UNITED STATES
SECURITIES AND EXCHANGE COMMISSION
Washington, D.C. 20549
FORM 8-K
CURRENT REPORT
PURSUANT TO SECTION 13 OR 15(d) OF THE
SECURITIES EXCHANGE ACT OF 1934
DATE OF REPORT (Date of earliest event reported): September 5, 2014 (August 29, 2014)
Commission file number 1-36129 SPRINGLEAF HOLDINGS, INC. | ||
(Exact name of registrant as specified in its charter) | ||
Indiana |
| 27-3379612 |
(State of Incorporation) |
| (I.R.S. Employer Identification No.) |
601 N.W. Second Street, Evansville, IN |
| 47708 |
(Address of principal executive offices) |
| (Zip Code) |
(812) 424-8031 | ||
(Registrants telephone number, including area code) | ||
Not Applicable | ||
(Former Name or Former Address, if Changed Since Last Report) |
Check the appropriate box below if the Form 8-K filing is intended to simultaneously satisfy the filing obligation of the registrant under any of the following provisions:
¨
Written communications pursuant to Rule 425 under the Securities Act (17 CFR 230.425)
¨
Soliciting material pursuant to Rule 14a-12 under the Exchange Act (17 CFR 240.14a-12)
¨
Pre-commencement communications pursuant to Rule 14d-2(b) under the Exchange Act (17 CFR 240.14d-2(b))
¨
Pre-commencement communications pursuant to Rule 13e-4(c) under the Exchange Act (17 CFR 240.13e-4(c))
Item 2.01 | Completion of Acquisition or Disposition of Assets. |
As previously announced, on August 6, 2014, Springleaf Finance Corporation (SFC) an indirect wholly owned subsidiary of Springleaf Holdings, Inc (SHI or, collectively with its subsidiaries, the Company) and the Depositors (as defined below) entered into a commitment letter and a letter agreement with Credit Suisse Securities (USA) LLC (Credit Suisse) pursuant to which Credit Suisse committed to purchase from the Company the following:
(i) The following securitization interests (the Securitization Assets Sale):
(a)
Certain mortgage-backed notes (the Notes) and trust certificates (together with the Notes, the Securities) issued by Springleaf Mortgage Loan Trust 2011-1, Springleaf Mortgage Loan Trust 2012-1, Springleaf Mortgage Loan Trust 2012-2, Springleaf Mortgage Loan Trust 2012-3, Springleaf Mortgage Loan Trust 2013-1, Springleaf Mortgage Loan Trust 2013-2 and Springleaf Mortgage Loan Trust 2013-3 (each, a Trust and the issuance of the Securities by each Trust, a Springleaf Transaction) from Eighth Street Funding LLC, Eleventh Street Funding LLC, Twelfth Street Funding LLC, Fourteenth Street Funding LLC, Fifteenth Street Funding LLC, Seventeenth Street Funding LLC and Nineteenth Street Funding LLC, each an affiliate of SFC (collectively, the Depositors), and SFC (the Securities Sale).
(b)
Rights to receive any funds remaining in the reserve account established for each Springleaf Transaction (each, a Reserve Account and, together with the Securities, the Securitization Assets) in accordance with the terms of the related transaction documents (the Reserve Accounts Sale).
(c)
The right to exercise an optional termination of each Springleaf Transaction (other than Springleaf Mortgage Loan Trust 2013-3) pursuant to the terms of the related indenture. With respect to the Springleaf Mortgage Loan Trust 2013-3, SFC will agree to cause Nineteenth Street Funding LLC, as Depositor, to sell and transfer to Credit Suisse all of its rights to exercise an optional termination of Springleaf Mortgage Loan Trust 2013-3.
(d)
Certain related rights, as described in SHIs Quarterly Report on Form 10-Q for the quarterly period ended June 30, 2014.
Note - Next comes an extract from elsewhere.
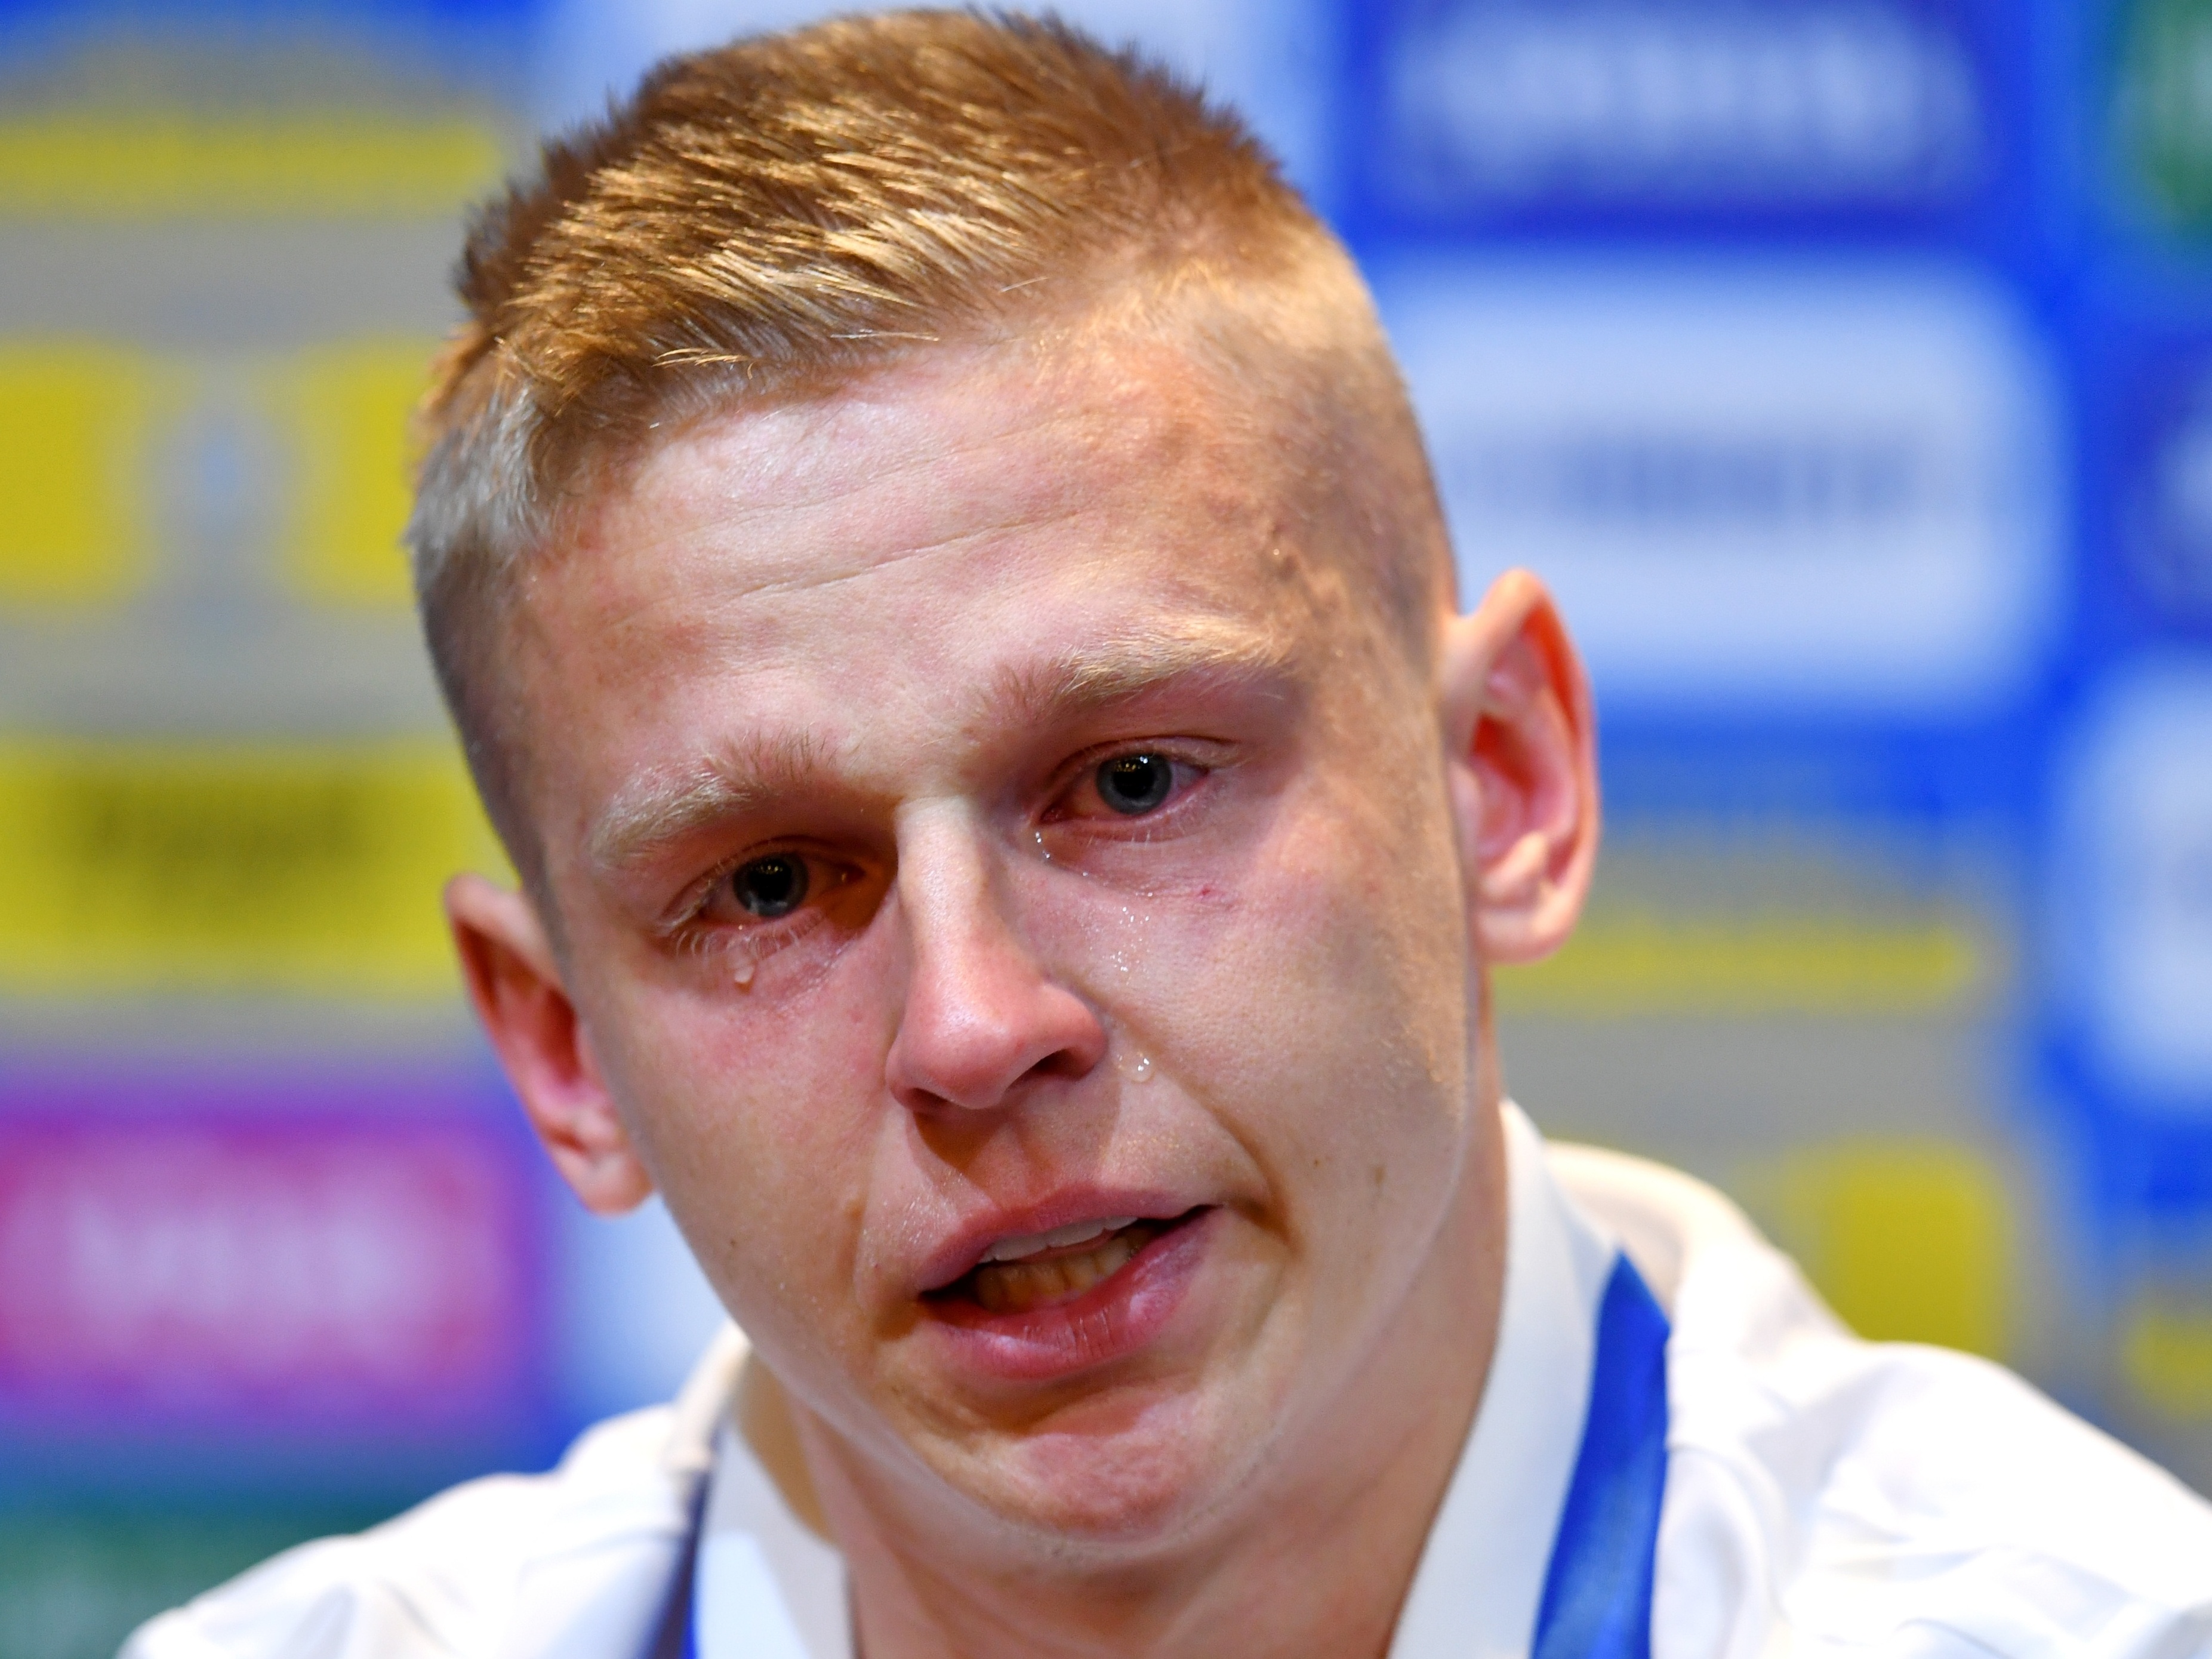 Futebolista polaco excluído da seleção e do Mundial 2022 - SIC

(ii) Certain performing and non-performing mortgage loans (the Mortgage Loans) with an unpaid principal balance of approximately $1.7 billion as of June 30, 2014 from certain subsidiaries of SFC (the "Probable Whole Loan Sales).
Credit Suisse and certain of its affiliates have engaged in, and may in the future engage in, investment banking and other commercial dealings in the ordinary course of business with the Company and its affiliates. They have received or will continue to receive customary fees and commissions for these transactions.
In addition, SHI entered into an agreement on July 31, 2014 to sell certain mortgage-backed notes and trust certificates issued by American General Mortgage Loan Trust (AGMLT) 2006-1 (a Trust) from Second Street Funding LLC, an affiliate of SHI, for approximately $11 million to an unaffiliated third party, subject to customary closing conditions. (the Probable 2006-1 Securitization Assets Sale).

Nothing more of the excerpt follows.